A new treaty aims to turn the idea of cross-border paperless trade into a reality
Feb 20 marks the entry into force of a new international agreement promoting paperless trade, a timely reminder of how the COVID-19 pandemic has brought digital solutions to regional development challenges into the limelight.
Paperless trade across borders has proven an effective way to mitigate trade disruptions since the onset of the crisis, enabling commerce to continue while limiting physical contact. Yet, despite the increasing acceptance of electronic documents across borders, implementation of cross-border paperless trade remains low, according to the United Nations Global Survey on Digital and Sustainable Trade Facilitation for Asia and the Pacific.
Across Asia and the Pacific, governments must move from time-consuming paper-based processes to electronic and traceable trade procedures that can significantly enhance competitiveness and address new challenges associated with e-commerce and the digital economy. In doing so, our region can also recover some of the US$200 billion in illicit financial flows that sharply reduce the capacity of governments to put in place support measures for vulnerable groups.

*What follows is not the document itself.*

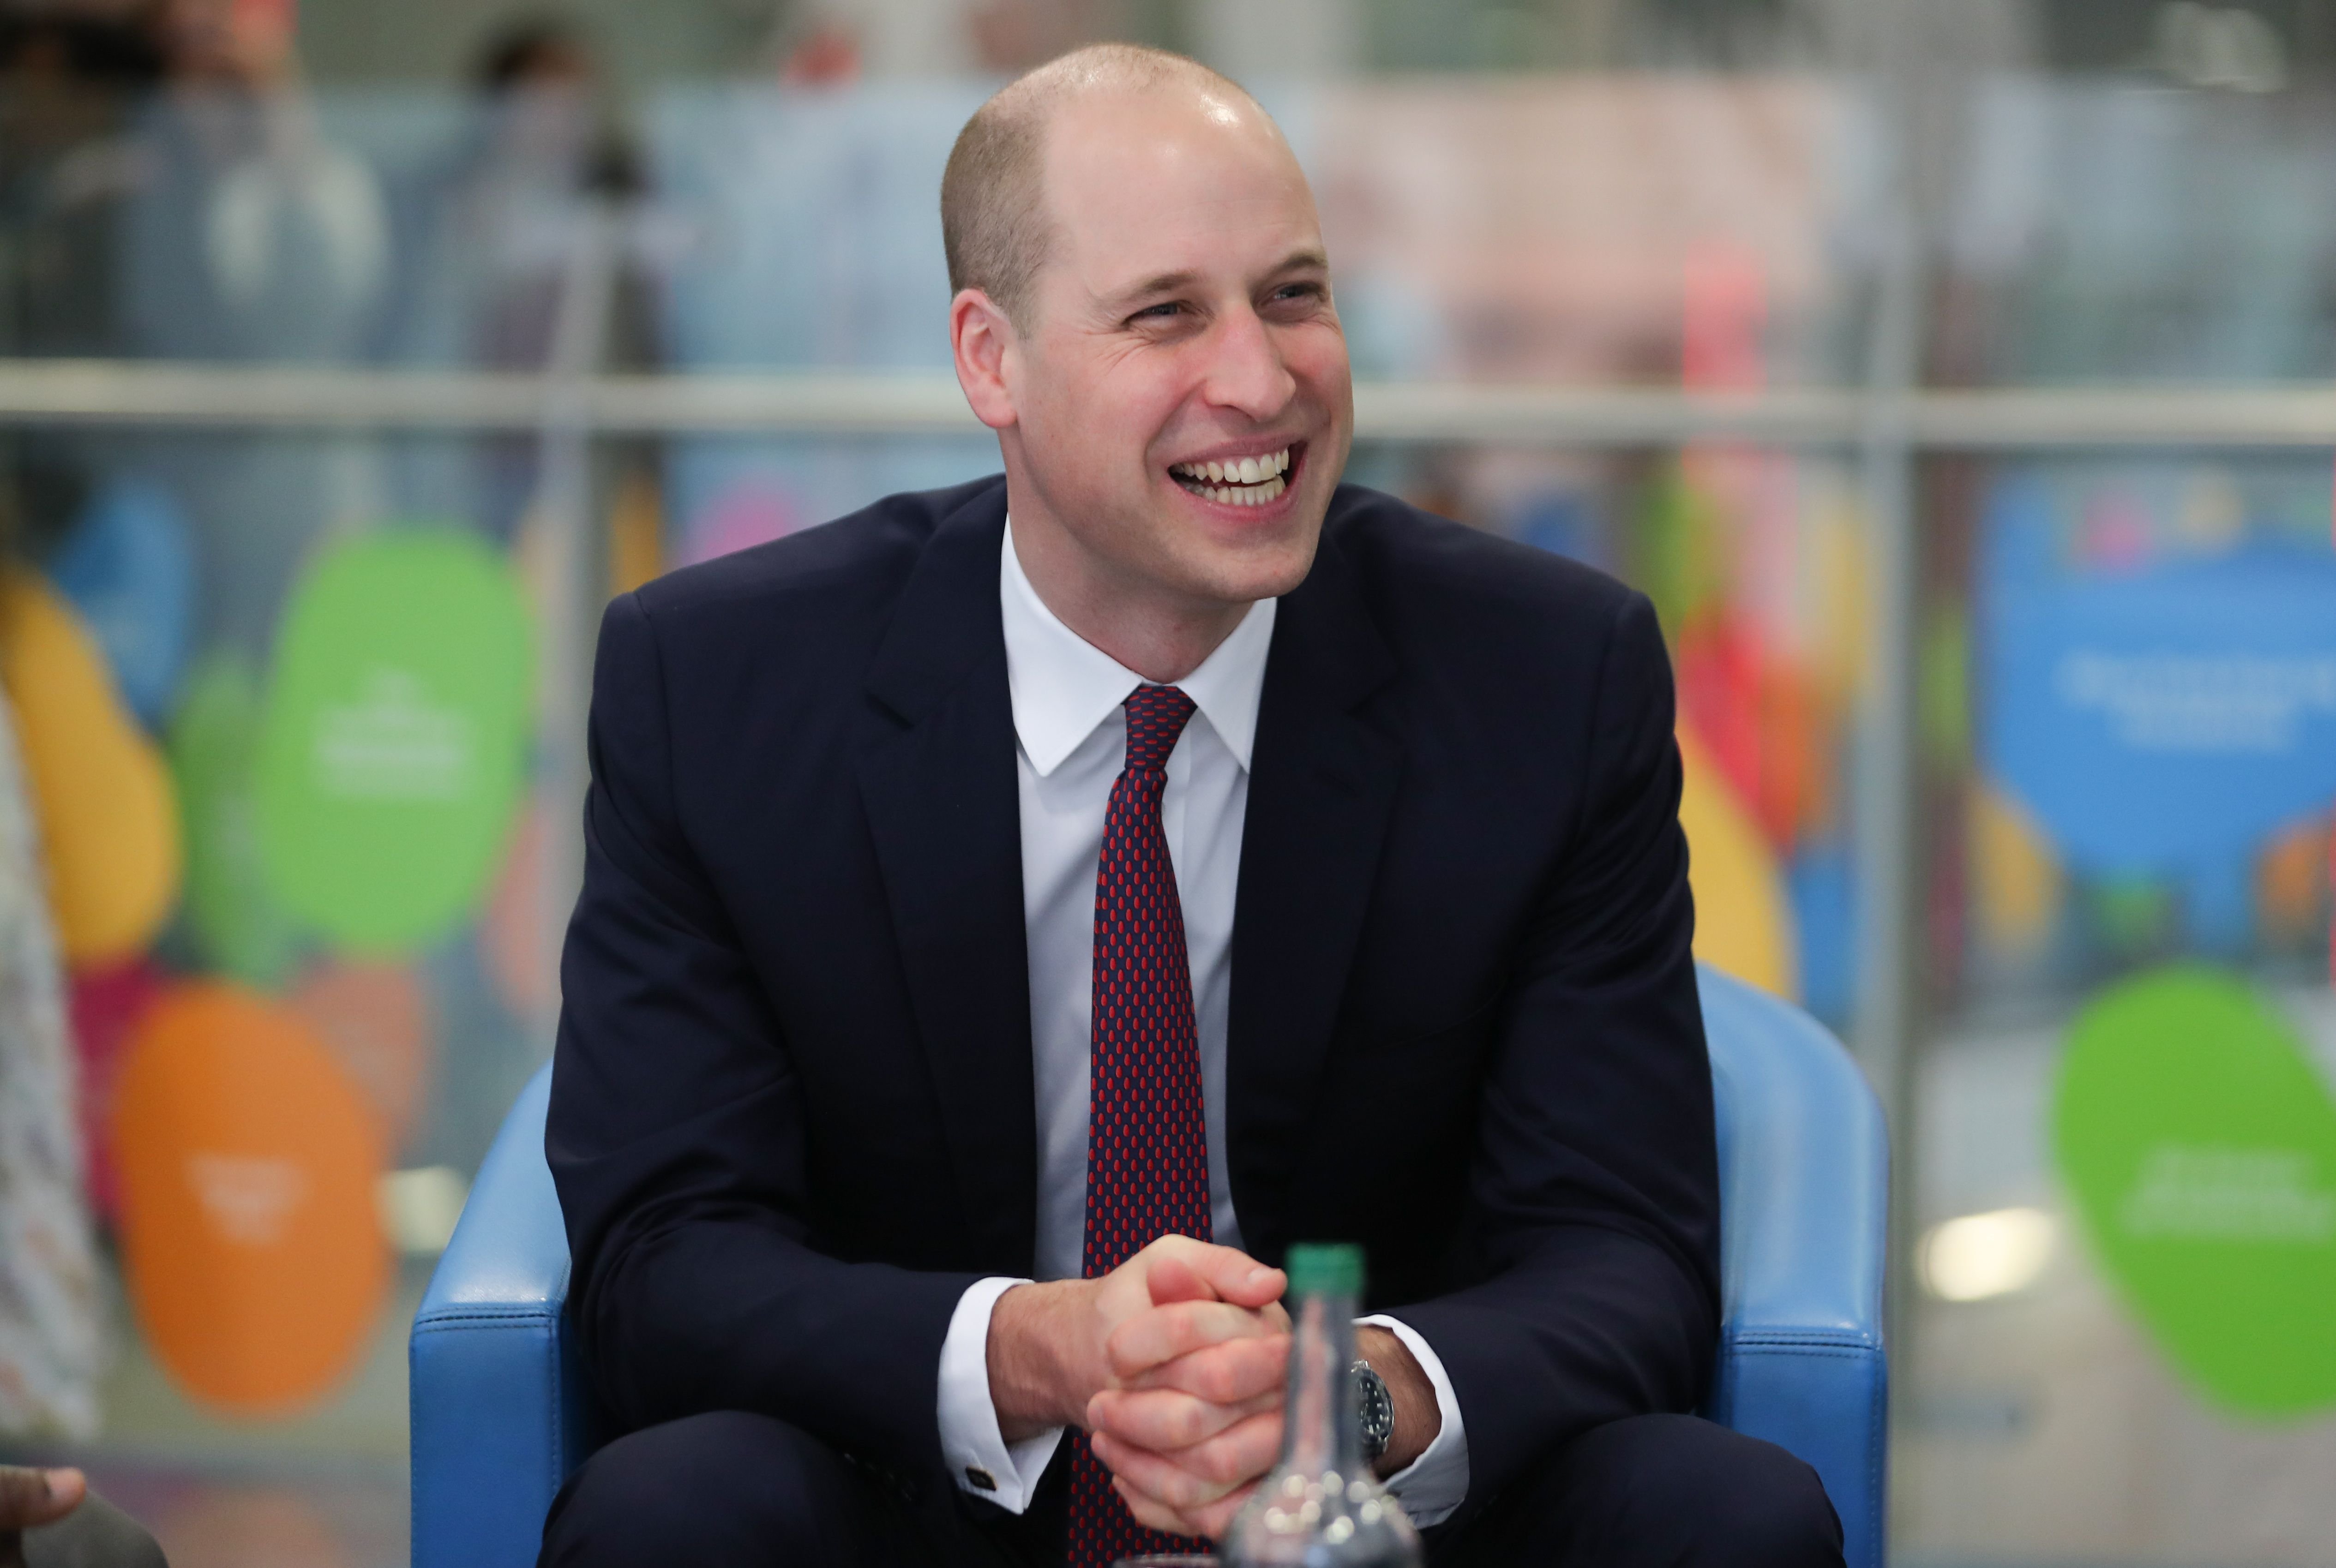 Prince William speaking with military veterans during a visit to Evelina London Children's Hospital in England | Photo: Daniel Leal-Olivas - WPA Pool/Getty Images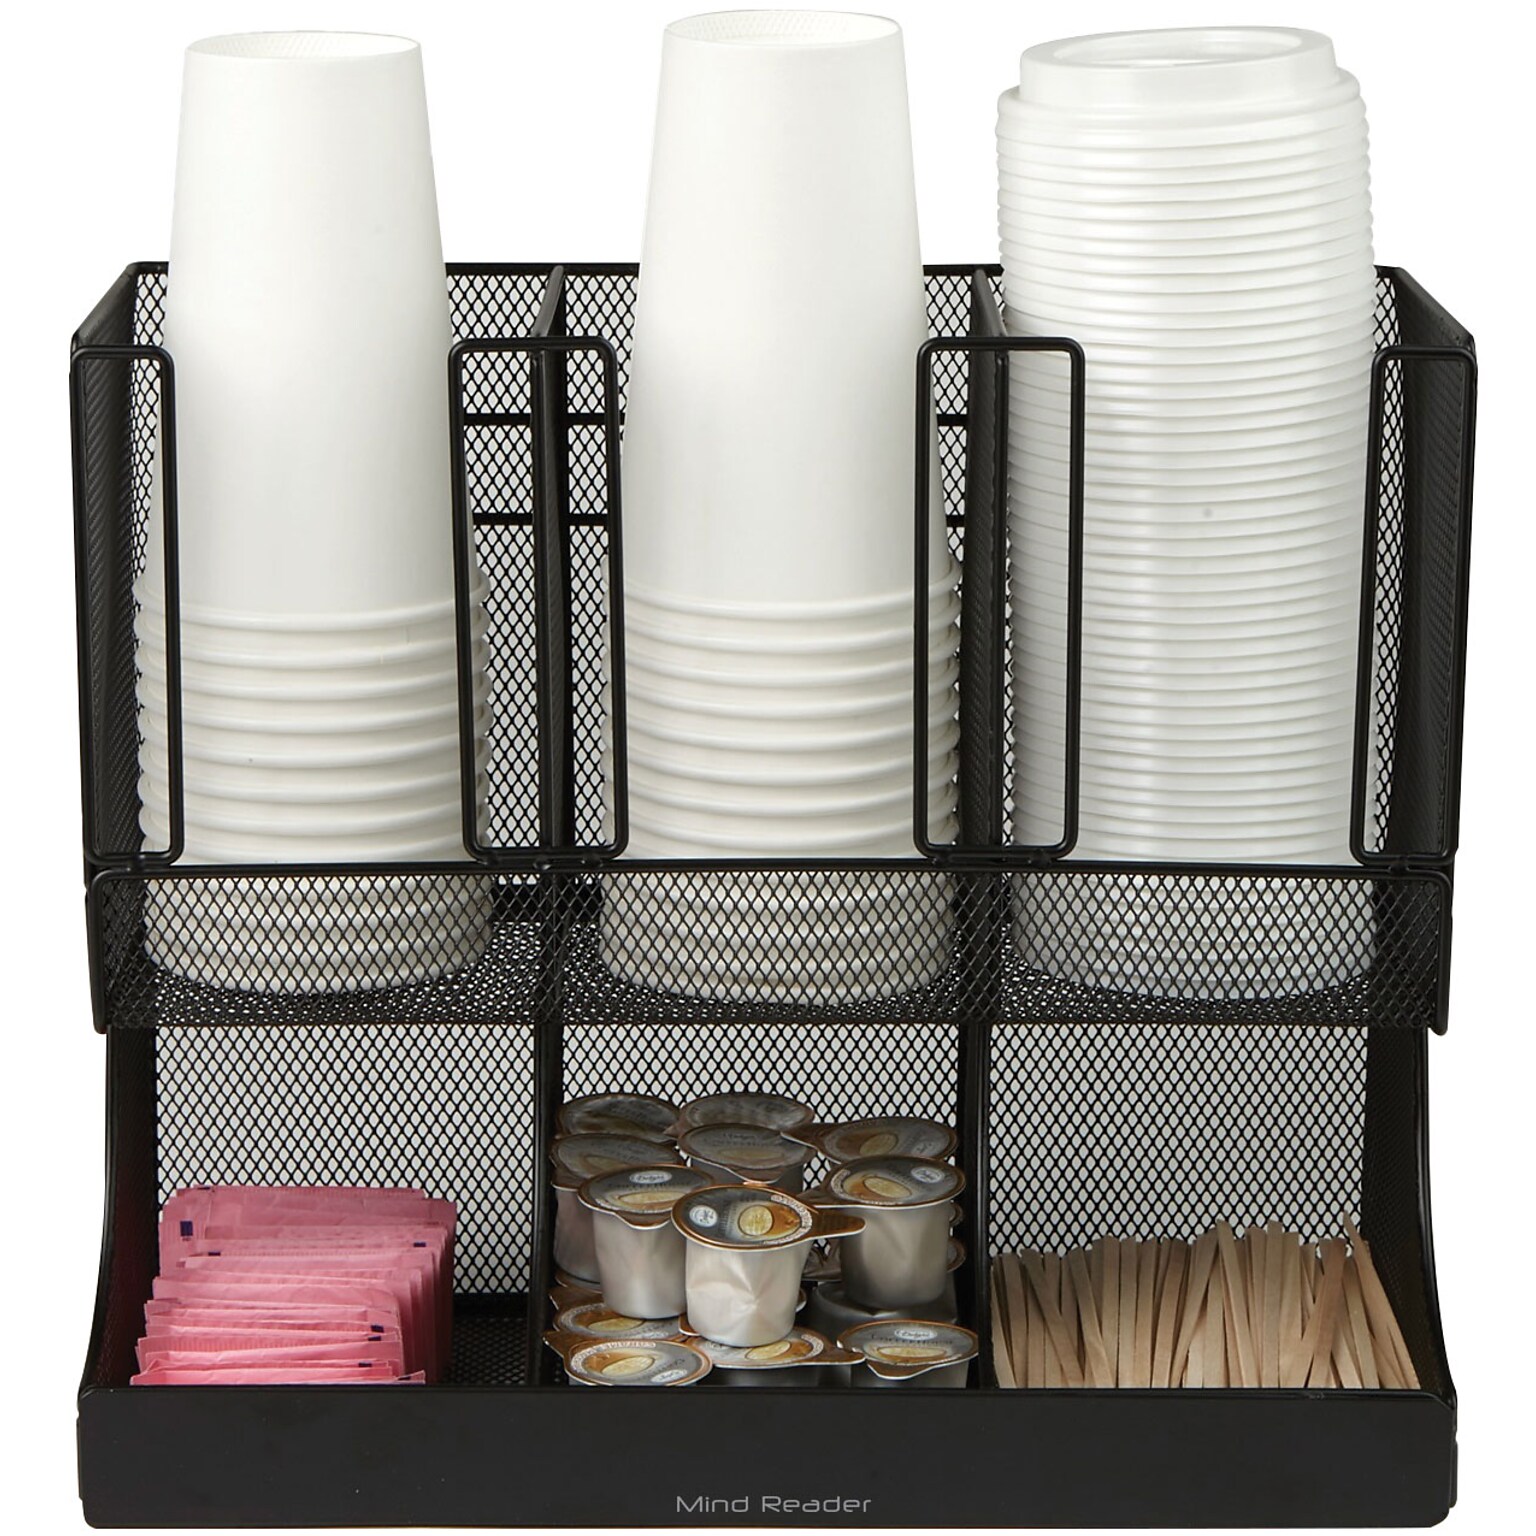 Mind Reader Flume 6 Compartment Coffee Condiment and Cup Organizer, Black Metal Mesh (UPRIGHT6MESH-BL)

More than 25 countries worked together to develop the treaty, which is now open for accession to all 53 members of ESCAP. The five countries that have ratified or acceded to the treaty -- Azerbaijan, Bangladesh, China, the Islamic Republic of Iran and the Philippines -- represent a diverse group of countries spanning the wider Asia-Pacific region but all are committed to regional cooperation in this critical area. Armenia and Cambodia signed the treaty in 2017 while several other ESCAP members are in the process of completing their accession this year, before implementation of the agreement starts in earnest in 2022.